Indonesia's Suharto names eldest daughter and timber tycoon to Cabinet

JAKARTA, Indonesia (AP) In a move likely to alarm market traders and irk foreign lenders, President Suharto included his eldest daughter and a wealthy business partner in his new Cabinet today.

The 76-year-old Indonesian president also broadened the power of his potential successor, Vice President Bacharrudin Habibie. The post has been largely ceremonial in past years.

Facing Indonesia's gravest economic turmoil in three decades, Suharto chose an inner circle of loyalists as ministers to help him tackle it. Western governments that are lending Indonesia billions of dollars are pressing him to accelerate reforms.

Suharto was awarded a seventh five-year term as president of the world's fourth most populous nation on Tuesday by an assembly he dominates.

He ignored charges of cronyism and calls for political reform from university students who have protested his government and its handling of rising inflation and unemployment.

"I am aware that the task to be carried out by this new Cabinet is not easy," Suharto said in a speech at the presidential palace broadcast on national television.

Critics said new faces in the 36-member Cabinet, including Suharto's daughter Siti Hardiyanti Rukmana and timber tycoon Mohamad "Bob" Hasan, might only deepen the economic uncertainty.

"I don't think those two names will increase the confidence the international markets have in Indonesia," said Mochtar Buchori, former head of the Indonesian Institute of Sciences.

Rukmana, the new social affairs minister, is a 47-year-old millionaire businesswoman, member of Parliament and a senior member of the majority Golkar party.

Commonly known as Tutut, she has played a bigger public role in charity work amid criticism of the Suharto family's wealth. She has become a frequent escort for her father since his wife died in 1996.

"This cabinet smells strongly of nepotism," said Amien Rais, a government critic who heads the 28 million-member Muslim organization Muhammadiyah.

Tutut was viewed this year as a possible vice presidential candidate, though she has denied charges that her family wants to establish a dynasty.

The post went instead to Habibie, a former research and technology minister and longtime friend of Suharto whose costly, high-tech projects have unsettled market traders.

Suharto granted Habibie, who was named on Wednesday, a greater role in international affairs as well as industrial development. As concern over Suharto's age and health mount, Habibie is widely expected to succeed the president.

Hasan, the new trade minister, is a presidential golfing buddy who oversees a timber cartel to be broken up under new reforms demanded by the International Monetary Fund.

A Muslim, he is one of Indonesia's richest men and a close confidant of the president. He is the first minister of Chinese descent since Suharto took power in 1966.

Last year, Hasan defended timber companies against charges they were responsible for wildfires that spread a choking haze across much of Southeast Asia, endangering the health of millions. Many blazes were deliberately set to clear land for farming or industry.

In other appointments, Gen.
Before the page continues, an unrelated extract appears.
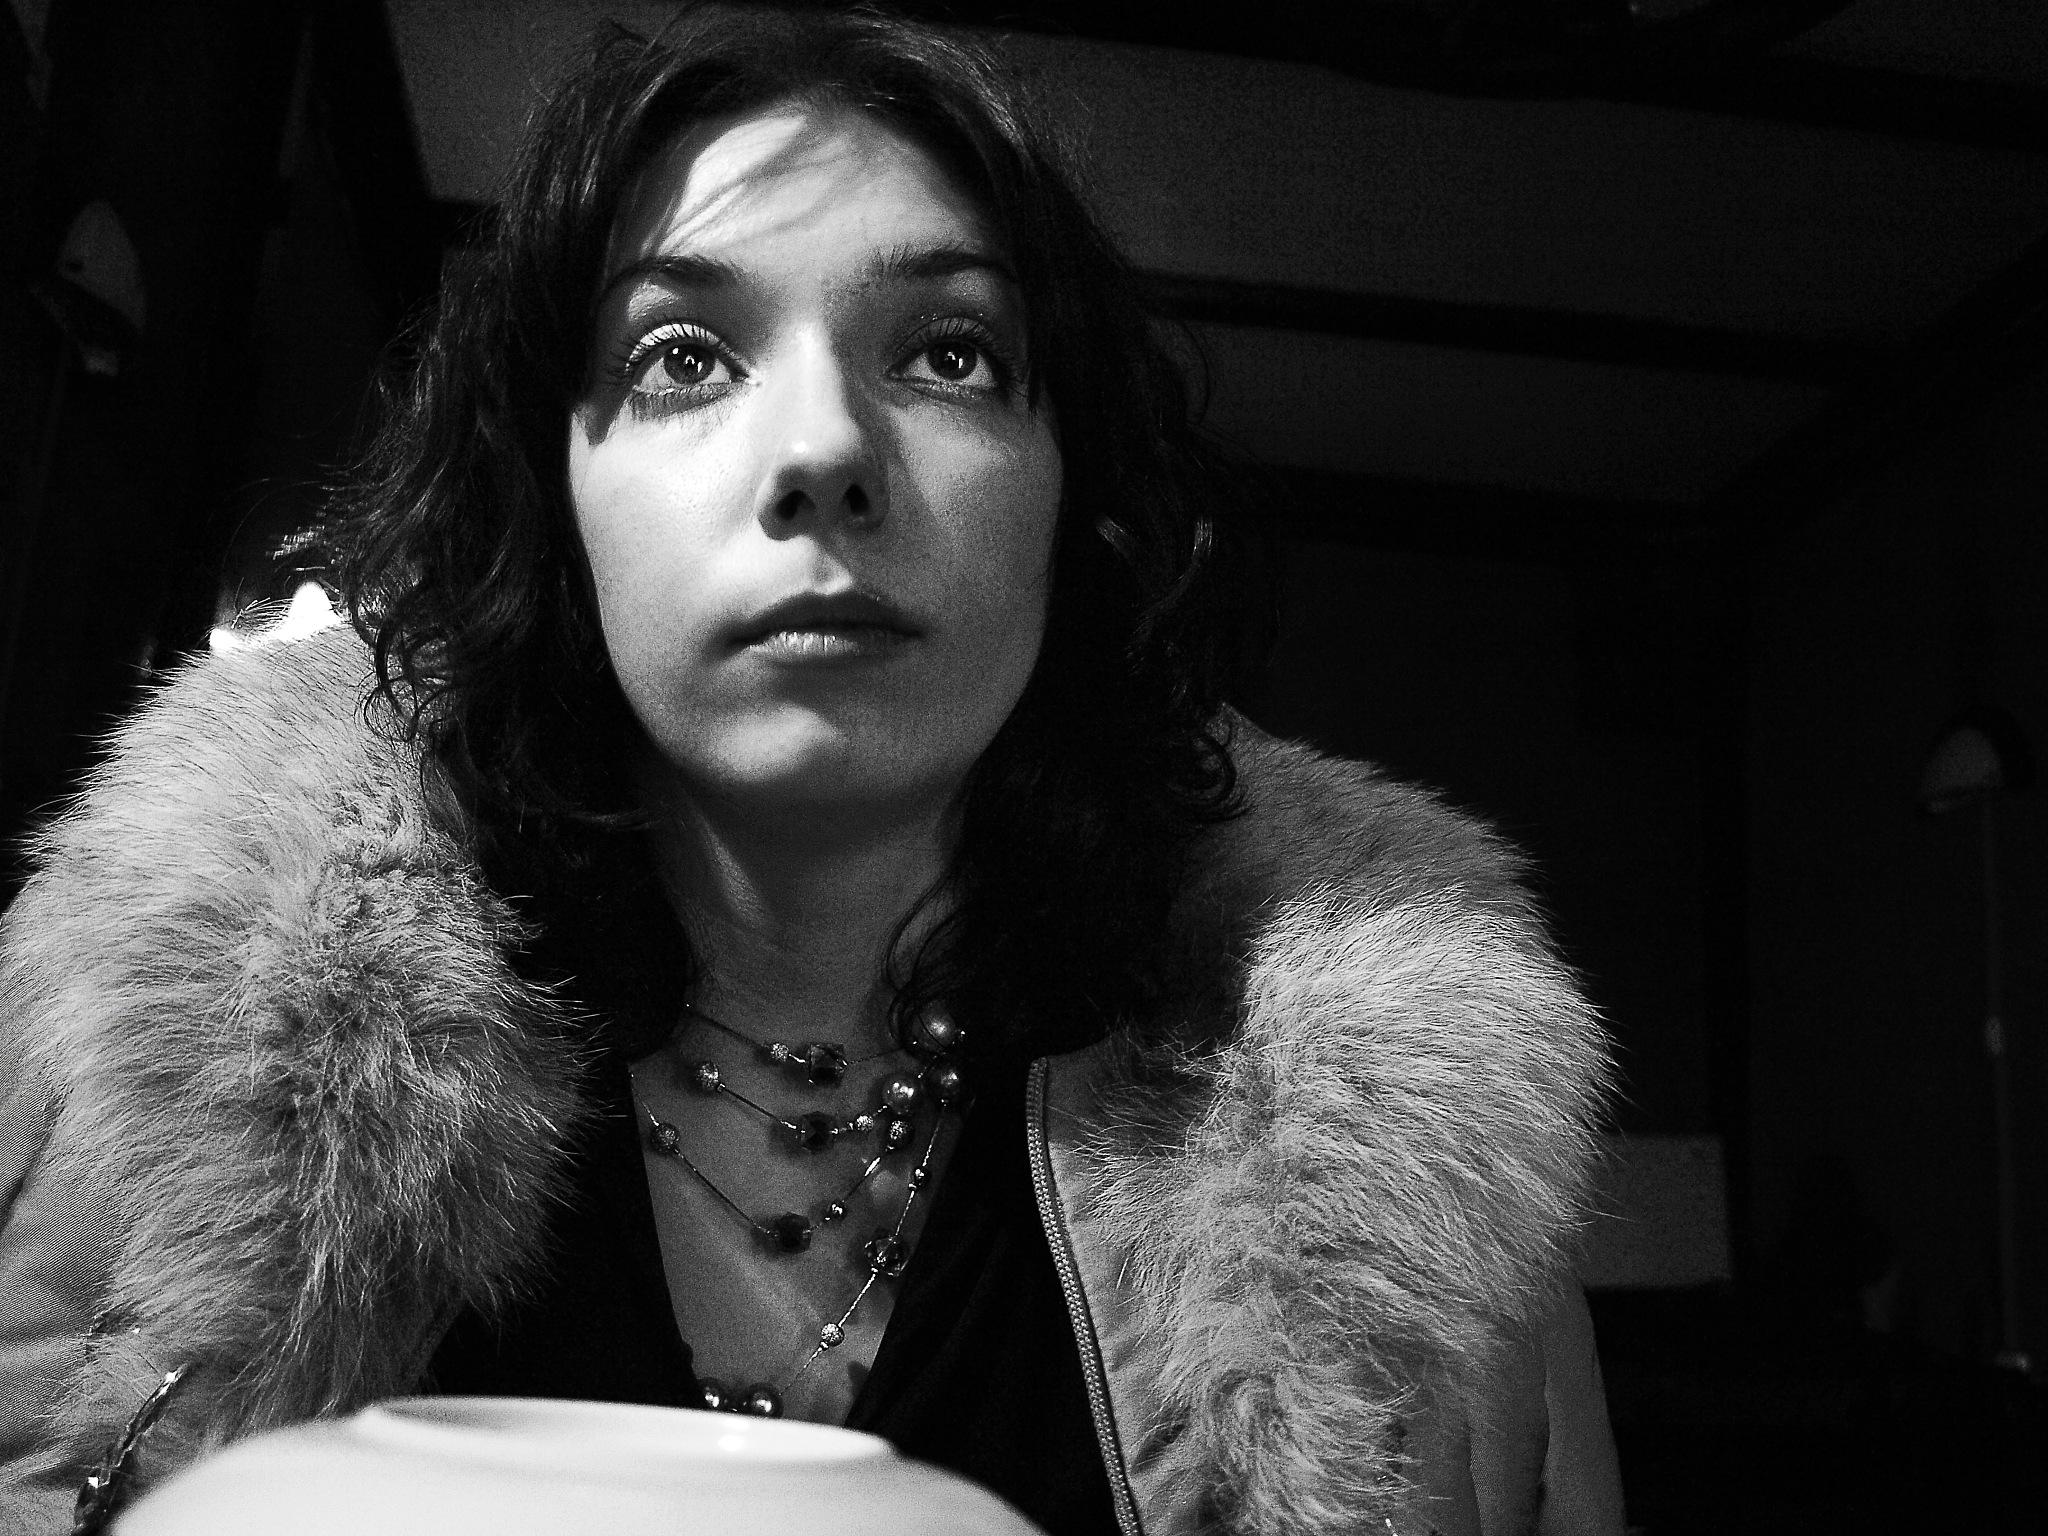 Olga in the cafe by Сергей Юрьев

Wiranto was named defense minister. He was Suharto's personal aide for several years and like many Indonesians goes by only one name.

Fuad Bawazier, taxation director, replaced Finance Minister Mar'ie Muhammad, a respected technocrat who was at the forefront of efforts to stem the drop in the value of the rupiah.

The monetary slide has pushed up prices, prompting riots that killed five people last month.

Six university students in the central Java town of Salatiga entered the second day of a hunger strike against the government and rising costs, The Jakarta Post newspaper reported today.

The IMF has suspended further installments of a $43 billion bailout package to Indonesia because of worries Suharto is backing off pledges to dismantle monopolies and tariffs that benefit his family and friends.

The lending agency had indicated it was waiting for a new Cabinet before resuming aid talks, and was sending a team to arrive in Jakarta in the coming days.